Ich bin in einem unausstehlichen Sanatorium.

Natürlich war ich krank, als man mich herbrachte, denn freiwillig hätte ich mich niemals hier einsperren lassen. Zwar habe ich sehr schöne Zimmer und einen Erker, in dem ich mit Vorliebe sitze. Ich kann von dort über eine wunderschöne, sanftgeschwungene und bewaldete Bergkette sehen. Aber sonst –

Der Chefarzt ist ein süßlicher Bär mit einem schwarzen Vollbart, der alles lügt, was er spricht.

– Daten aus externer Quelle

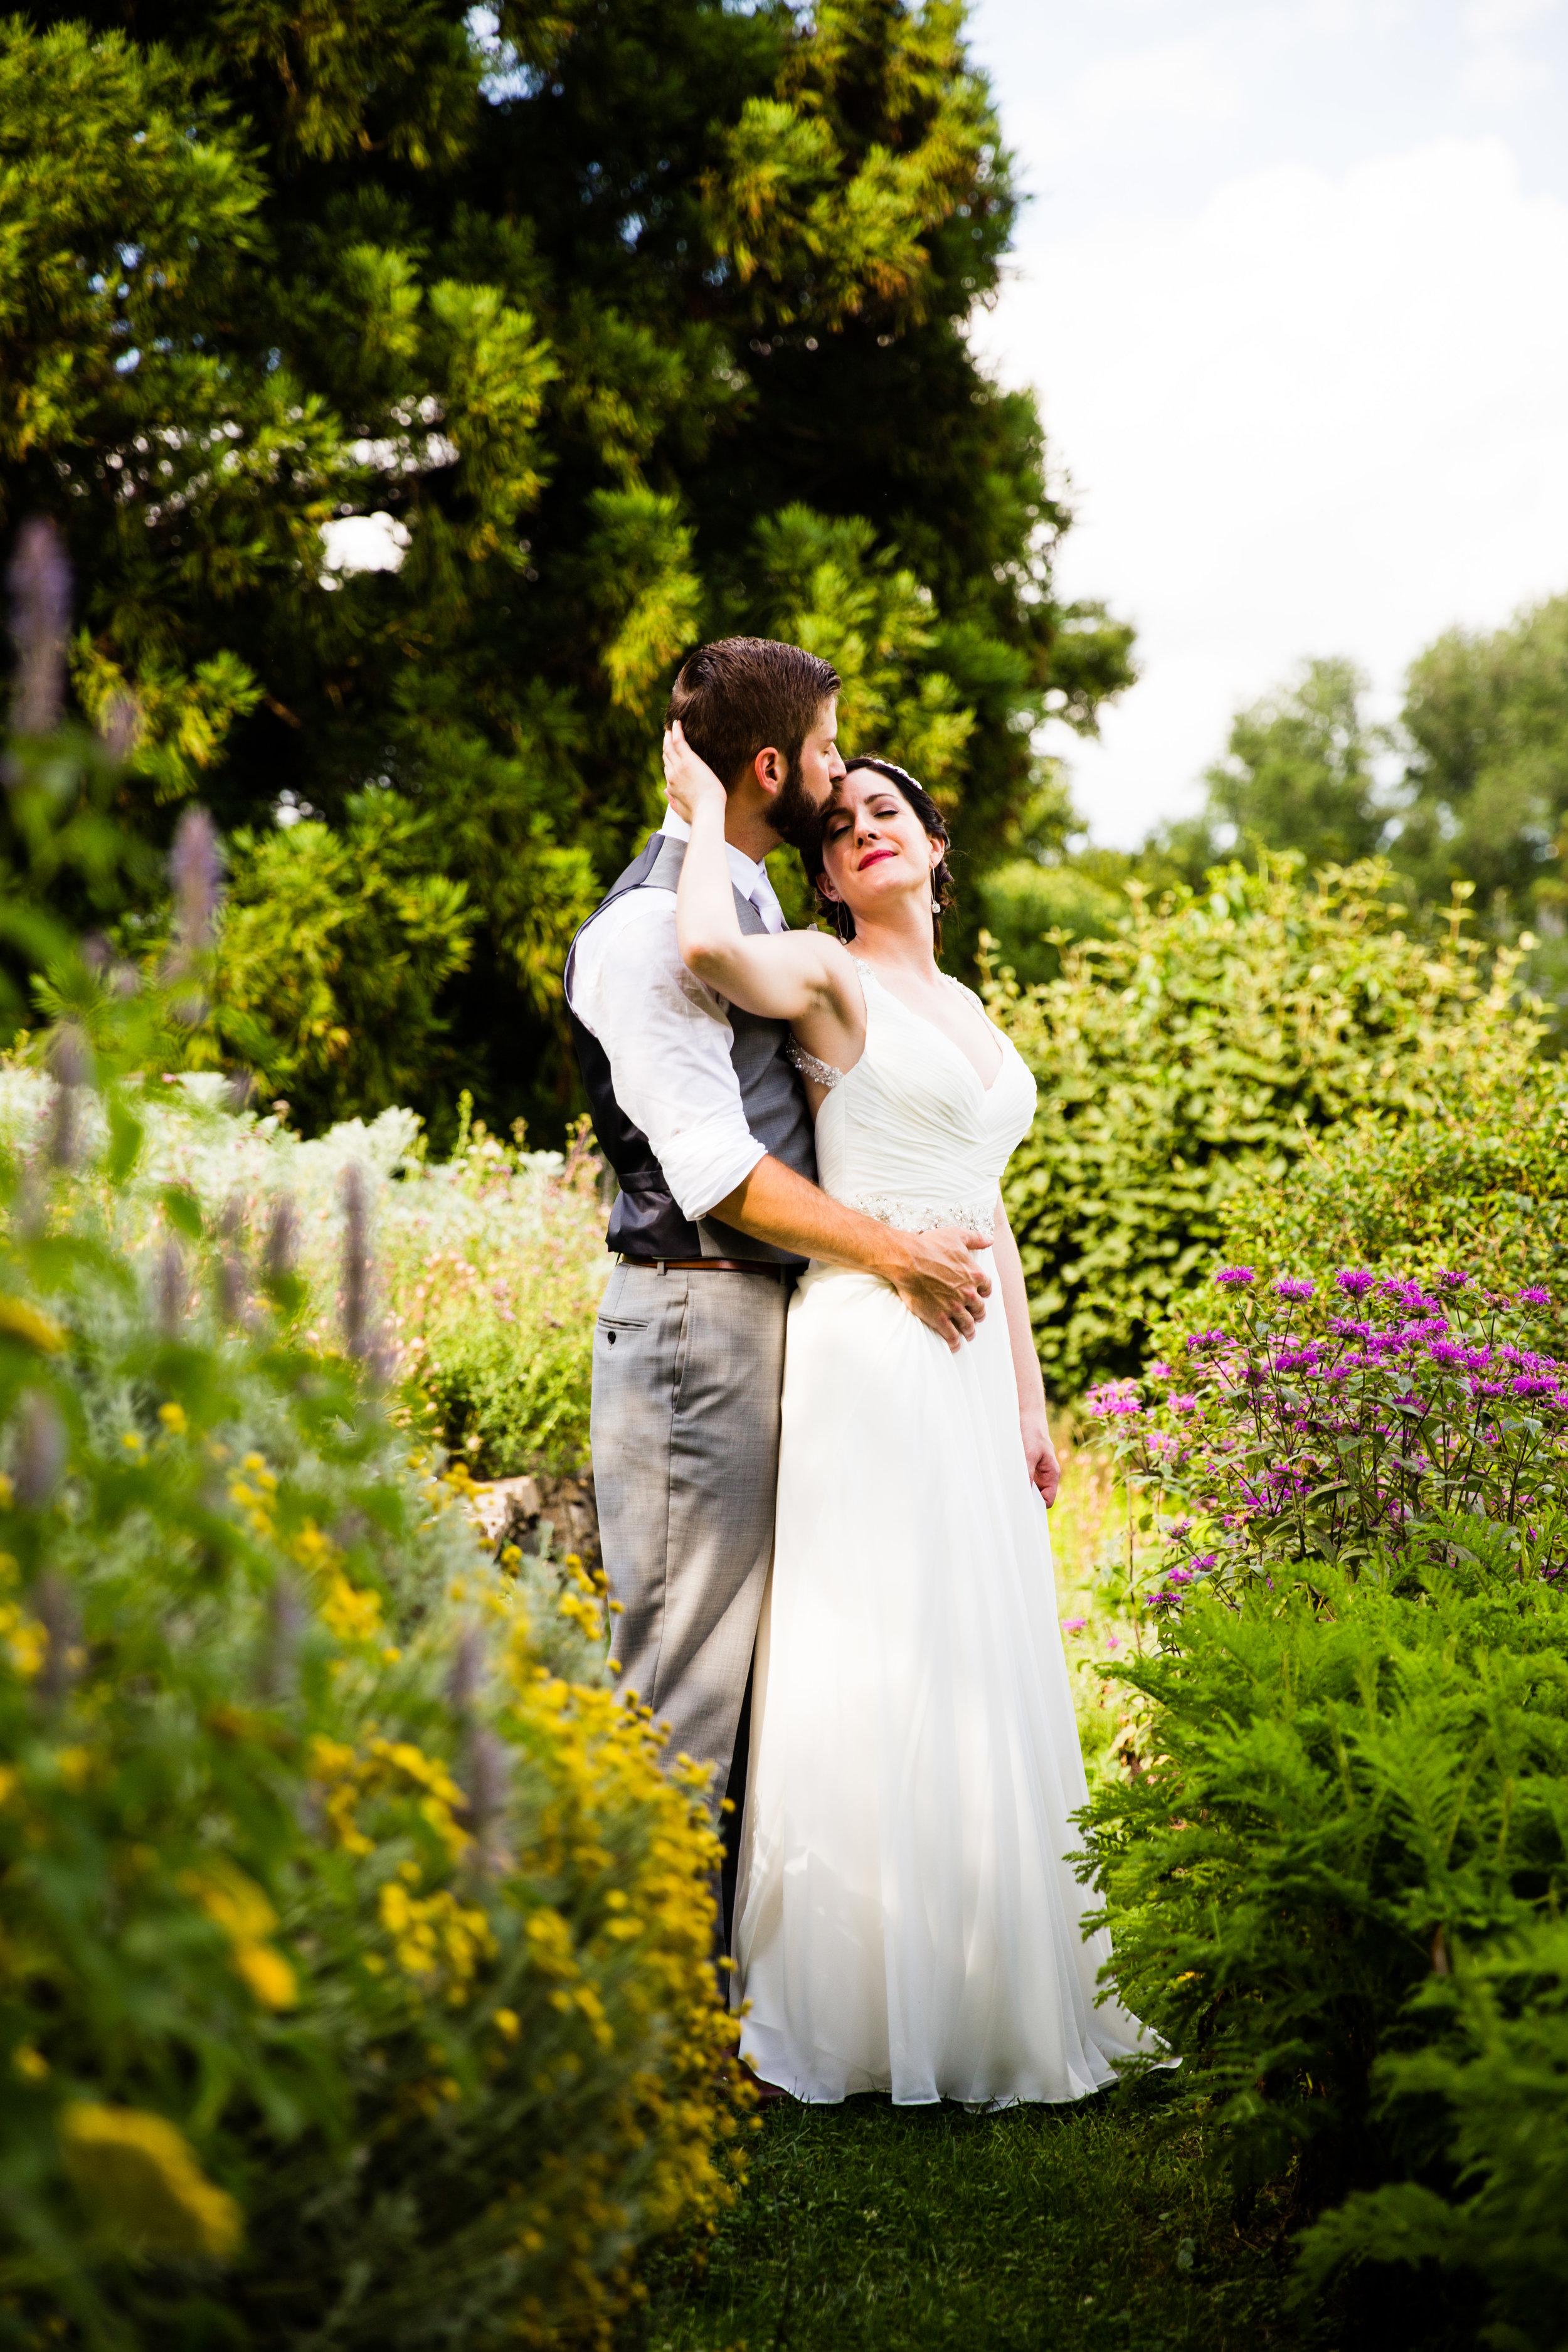 TYLER ARBORETUM WEDDING PHOTOGRAPHY LOVESTRUCK PICTURES-038.jpg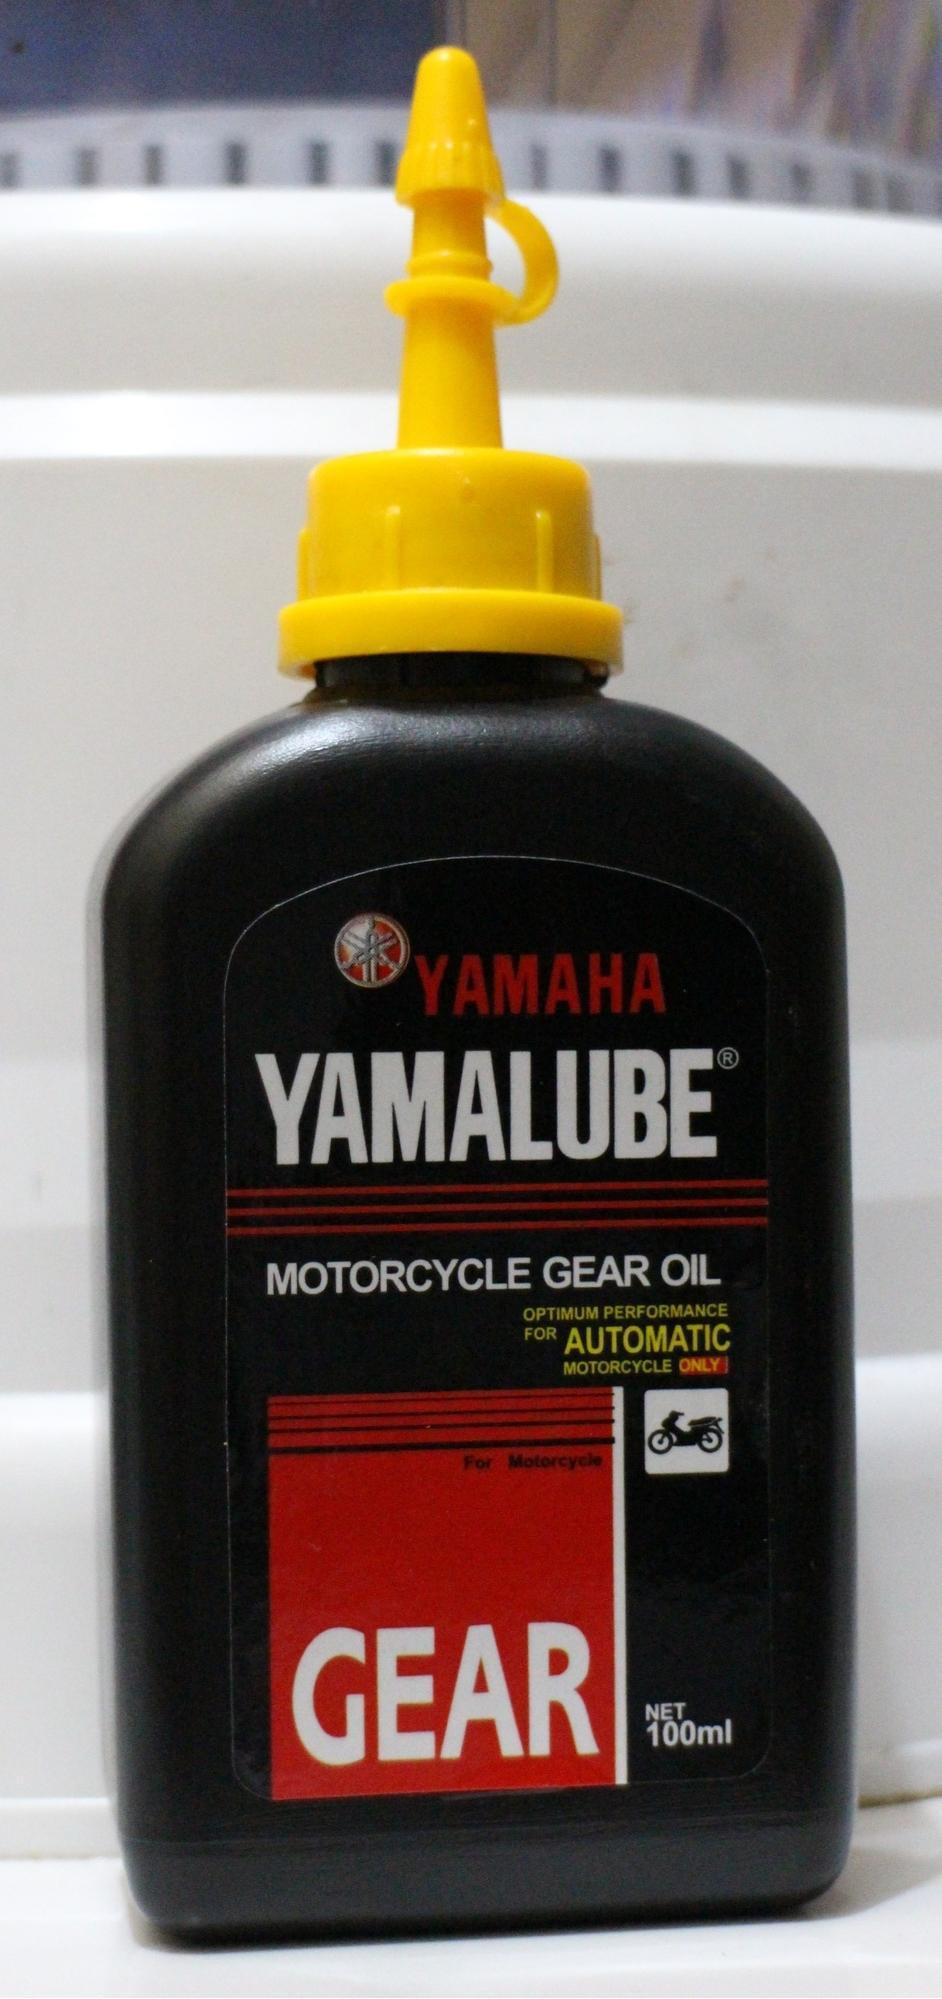 Yamaha Yamalube Gear Oil By Jca Motorshop.

Der Assistenzarzt ist ein Filou, der seine Anwesenheit im Sanatorium dazu geeignet sieht, Frauen zu verführen. Vielleicht ist er eigens dazu engagiert. Was ich bisher sah von Patienten, ist ein Konglomerat von unverstandenen, unbefriedigten Weibern und halb idiotischen Männern.

Der Tag verläuft so:

Früh kalte Abreibung, die ich mir höchstens einmal in der Woche gefallen lasse. Frühstück im Bett. Dann kommt der Assistenzarzt, und wir führen ein artiges Gespräch über die Unfähigkeit des Chefarztes. Ich liege noch zu Bett. Wenn er mir zu nahe kommt, greife ich nach der Klingel. Er lacht. Einmal wagte er zu sagen: »Sie klingeln ja doch nicht, gnädige Frau.« Ich läutete Sturm. Meine Jungfer kam angestürzt und das Zimmermädchen auch. Ich sagte: »Bitte, führen Sie den Herrn hinaus.«

Er tat, als sei das ein guter Witz, aber er wagt sich seitdem doch nicht nahe heran.

Dann stehe ich auf. Dann gieße ich die Milch, die man mir bringt, in den Eimer und werfe die Brötchen zum Fenster hinaus.

Dann bade ich.

Dann werde ich vom Chefarzt elektrisiert. Er redet wie ein Wasserfall dabei über die Erfolge seiner Kuren.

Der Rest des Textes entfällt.